Gadamer (VM): labor hermenêutico

É evidente que a reconstrução das condições sob as quais uma obra transmitida cumpria sua determinação original constituiu, obviamente, uma operação auxiliar verdadeiramente essencial para a compreensão. A única coisa que temos a indagar é se o que se alcança por esse caminho é realmente o mesmo que buscamos, quando tentamos encontrar o significado da obra de arte e se a compreensão é determinada corretamente, se nós a considerarmos como uma segunda criação, como a re-produção da produção original. Uma tal determinação da hermenêutica acaba não sendo menos absurda do que toda restituição e restauração da vida passada. A reconstrução das condições originais, tal qual toda restauração, é, face à historicidade do nosso ser, uma empresa impotente. O reconstruído, a vida recuperada do alheamento, não é a original. Ela obtém, só na sobrevivência do alheamento, uma existência secundária na cultura. A tendência, que está se impondo recentemente, de devolver as obras de arte dos museus ao lugar originário de sua determinação, ou de devolver o aspecto original aos monumentos arquitetônicos, só pode confirmar este ponto de vista. Mesmo o quadro devolvido do museu para a igreja, ou o edifício reconstruído segundo o seu estado antigo, são o que foram — se convertem em objeto para turistas. E um labor hermenêutico, para quem a compreensão significasse reconstrução do original, permaneceria do mesmo modo, apenas num sentido morto. VERDADE E MÉTODO PRIMEIRA PARTE 2.
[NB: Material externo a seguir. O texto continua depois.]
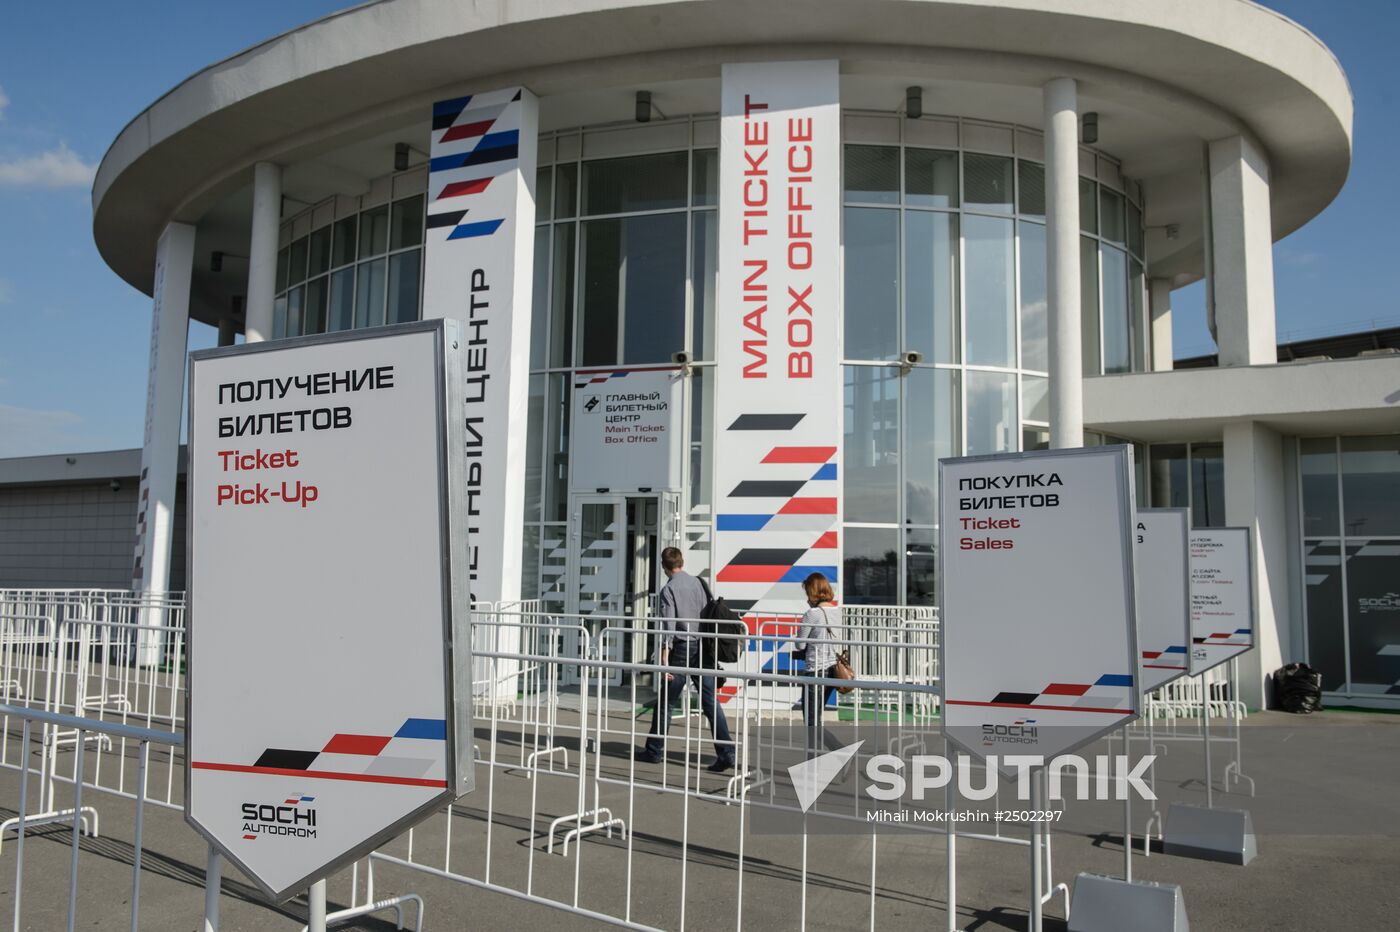 Preparations for the Russian Grand Prix Formula 1

Nesse sentido, o historiador vai mais além do labor hermenêutico. A isto corresponde o fato de que aqui o conceito da interpretação obtém um sentido novo e aguçado. Não se refere somente à realização expressa da compreensão de um dado texto, tarefa que cabe ao filólogo levar a cabo. O conceito da interpretação histórica possui, antes, seu correlato no conceito da expressão, conceito que a hermenêutica histórica não entende no seu sentido clássico e usual, como termo retórico, referente à relação da linguagem com o pensamento. O que expressa a expressão não é somente o que nela deve tornar-se expresso, o que ela intenciona, mas preferentemente aquilo que também chega a expressar-se nesse intencionar e dizer, sem que este deva ser expresso, aquilo, portanto, que a expressão como que “dissimula”. Nesse sentido amplo, o conceito “expressão” não se restringe à expressão linguística. Ele abarca, antes, tudo aquilo atrás de que e tem de ir, urna vez que se queira posicionar-se atrás disto, o qual é de tal modo, que possibilita este estar atrás. A interpretação tem a ver, aqui, não tanto com o sentido intencionado, mas com o sentido oculto, e que tem de ser revelado. E nesse sentido cada texto representa não somente um sentido compreensível, mas também um sentido necessitado de diversas perspectivas de interpretação. Em primeiro lugar ele próprio é um fenômeno de expressão. E compreensível que o historiador se interesse precisamente por esse seu aspecto. Pois o valor testemunhal de um relato, por exemplo, depende efetivamente do que representa o texto como fenômeno expressivo. Nele pode-se adivinhar o que queria o escritor, sem chegar a dizê-lo, a que partido pertencia, que convicções atribuía às coisas, ou ainda, que grau de falta de consciência e de inverdade ter-se-á de lhe atribuir. Evidentemente [342] que não se pode deixar de lado esses momentos subjetivos da credibilidade de um testemunho. Mas sobretudo temos de levar em conta que o conteúdo da tradição, ainda que supondo-se assegurada sua credibilidade subjetiva, deve: ser ainda interpretado, isto é, o texto se entende como um documento cujo sentido real tem de ser elucidado mais além de seu sentido literal, por exemplo, comparando-o com outros dados que permitam avaliar o valor histórico de uma tradição. VERDADE E MÉTODO SEGUNDA PARTE 2.